▶ [COLLECTED DATA]

....

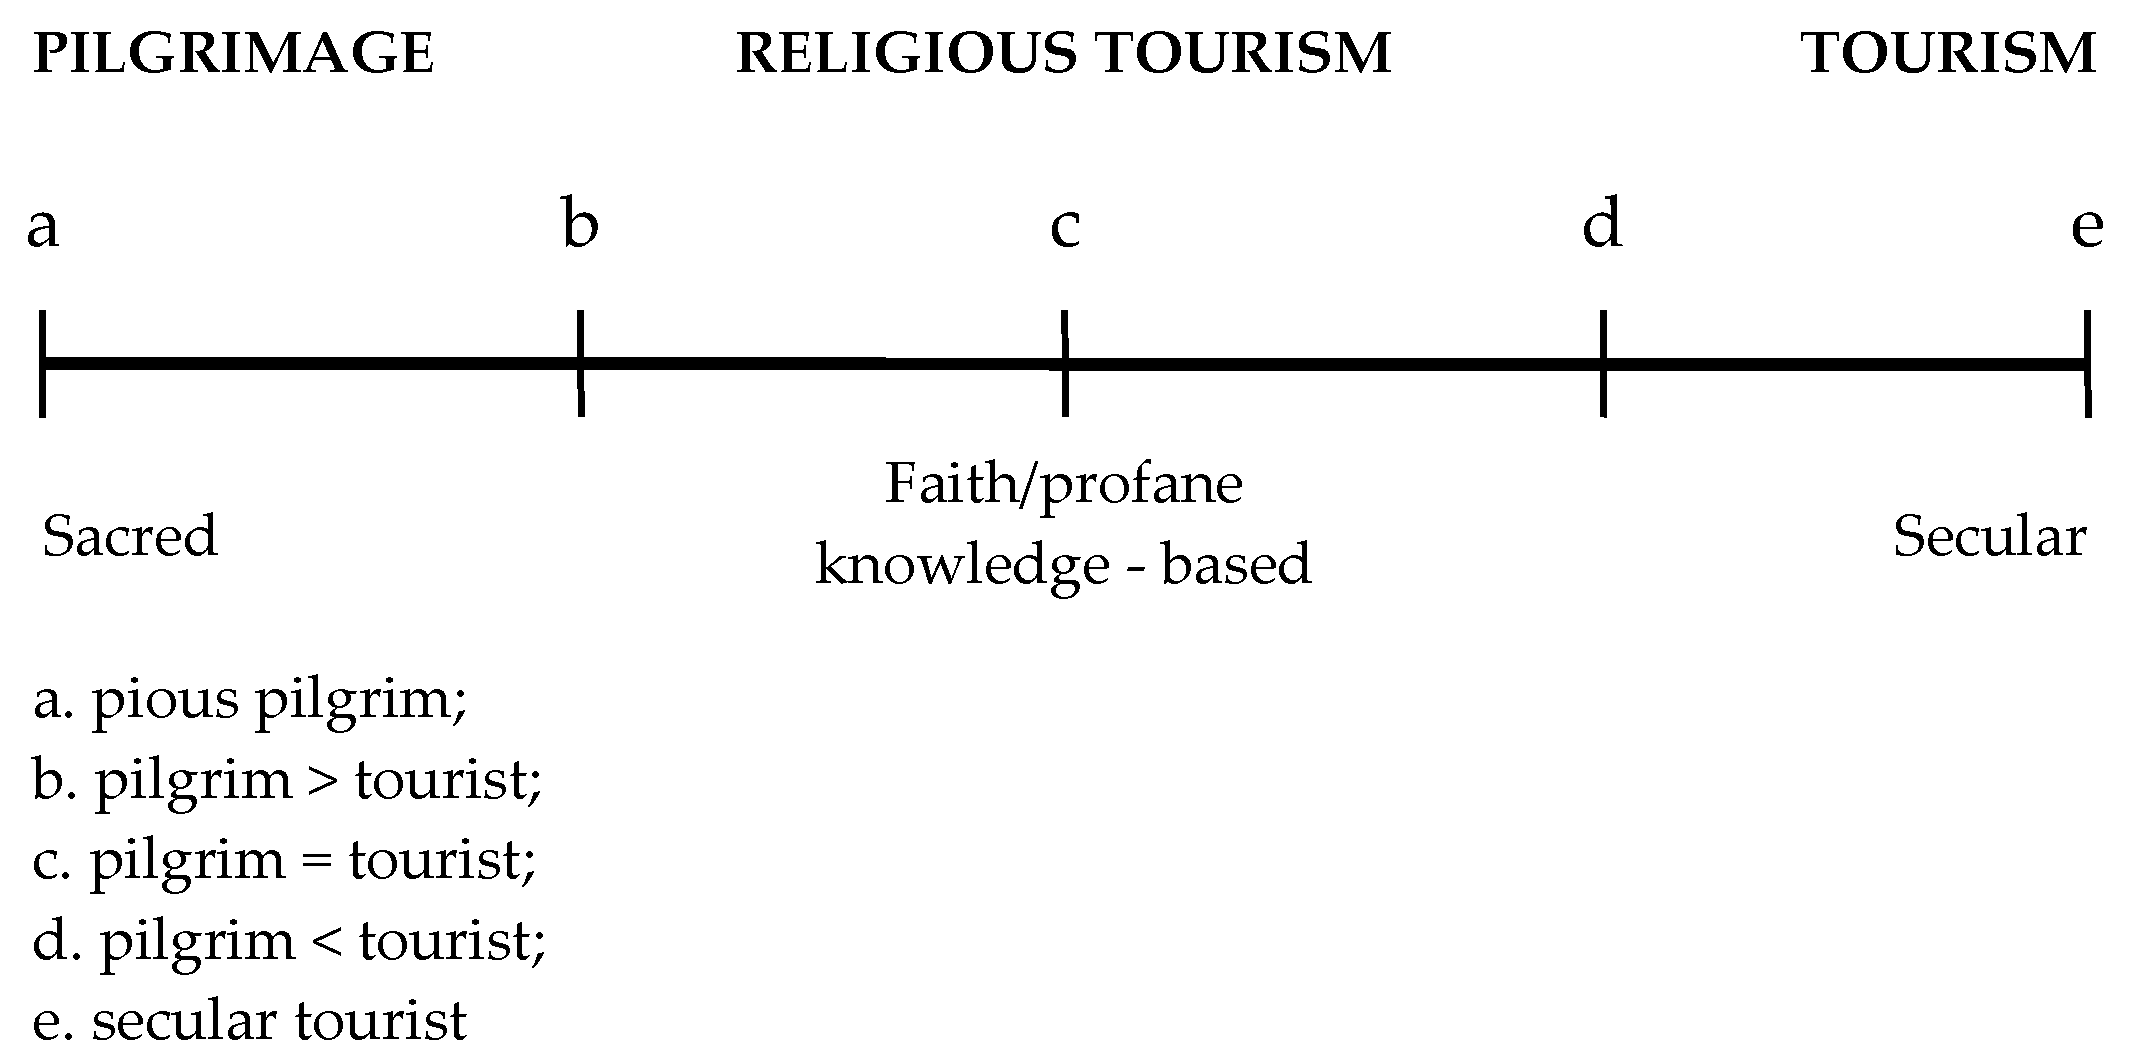 religious tourism bibliometric
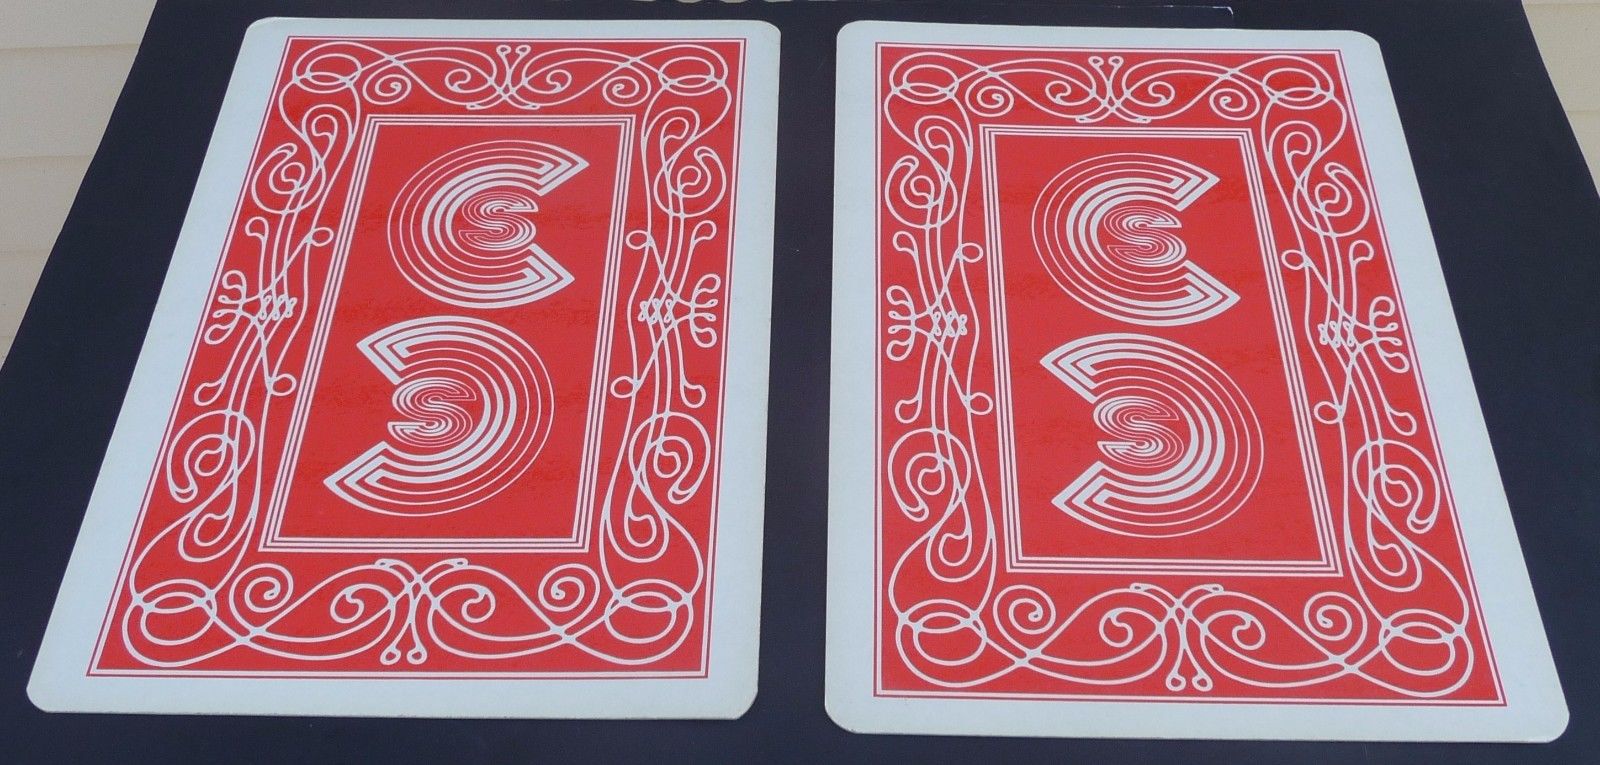 card shark vs card sharp
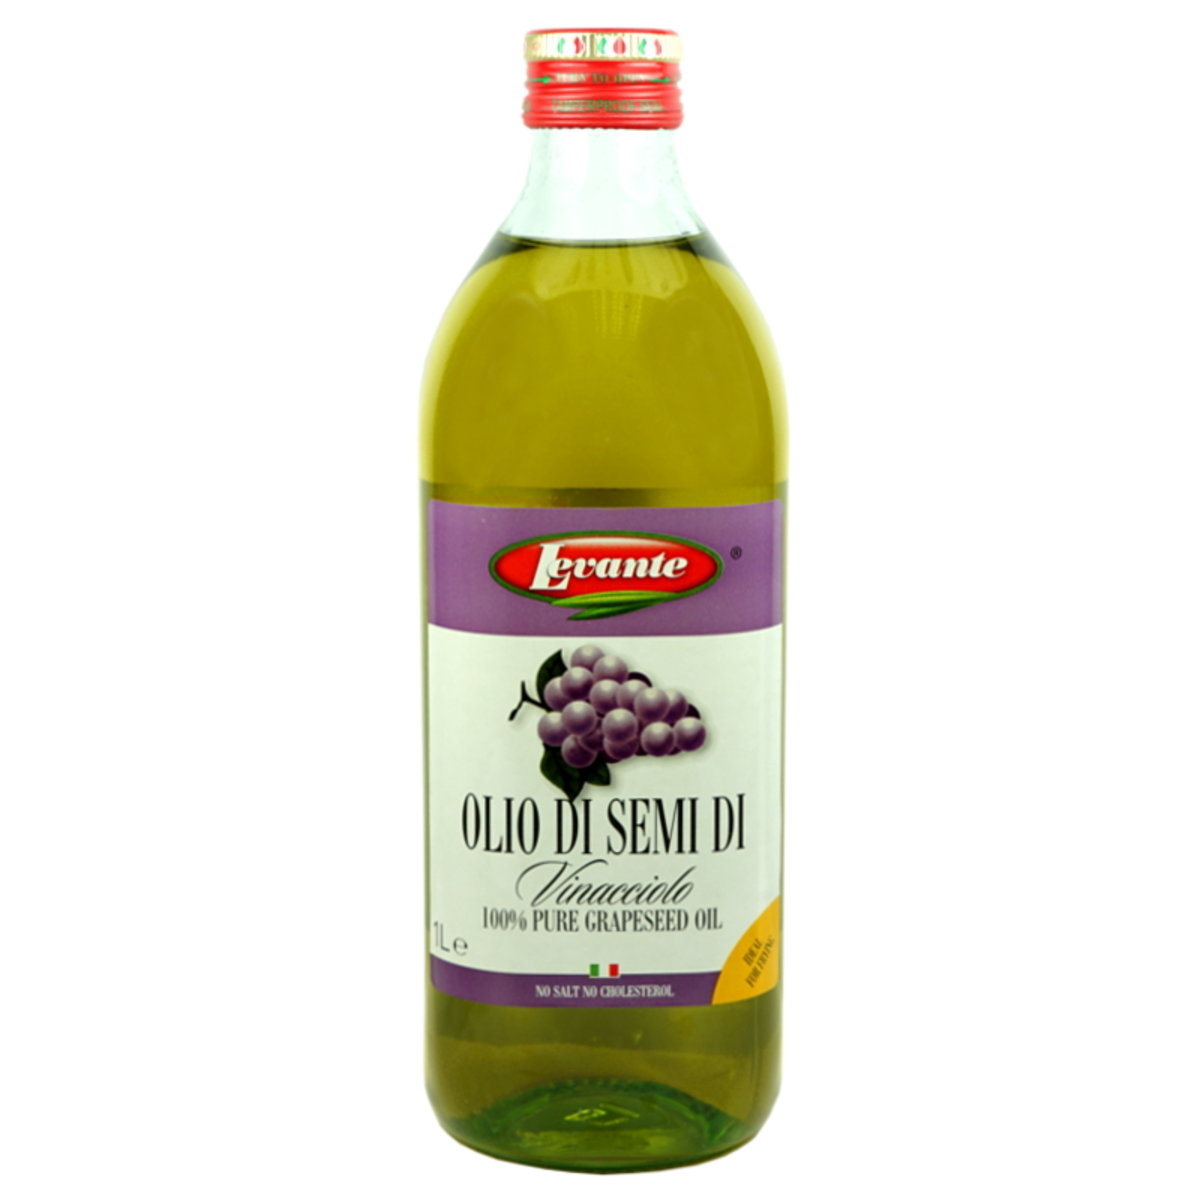 Levante grape seed oil 1L

....

▶ [DIRECTIONS]
Each line from the one containing "card shark vs card sharp" through the final line of the data must be reproduced exactly, both ends included, with no pictures in the copy.

▶ [SOLUTION FOR THIS TASK]
 card shark vs card sharp
 Levante grape seed oil 1L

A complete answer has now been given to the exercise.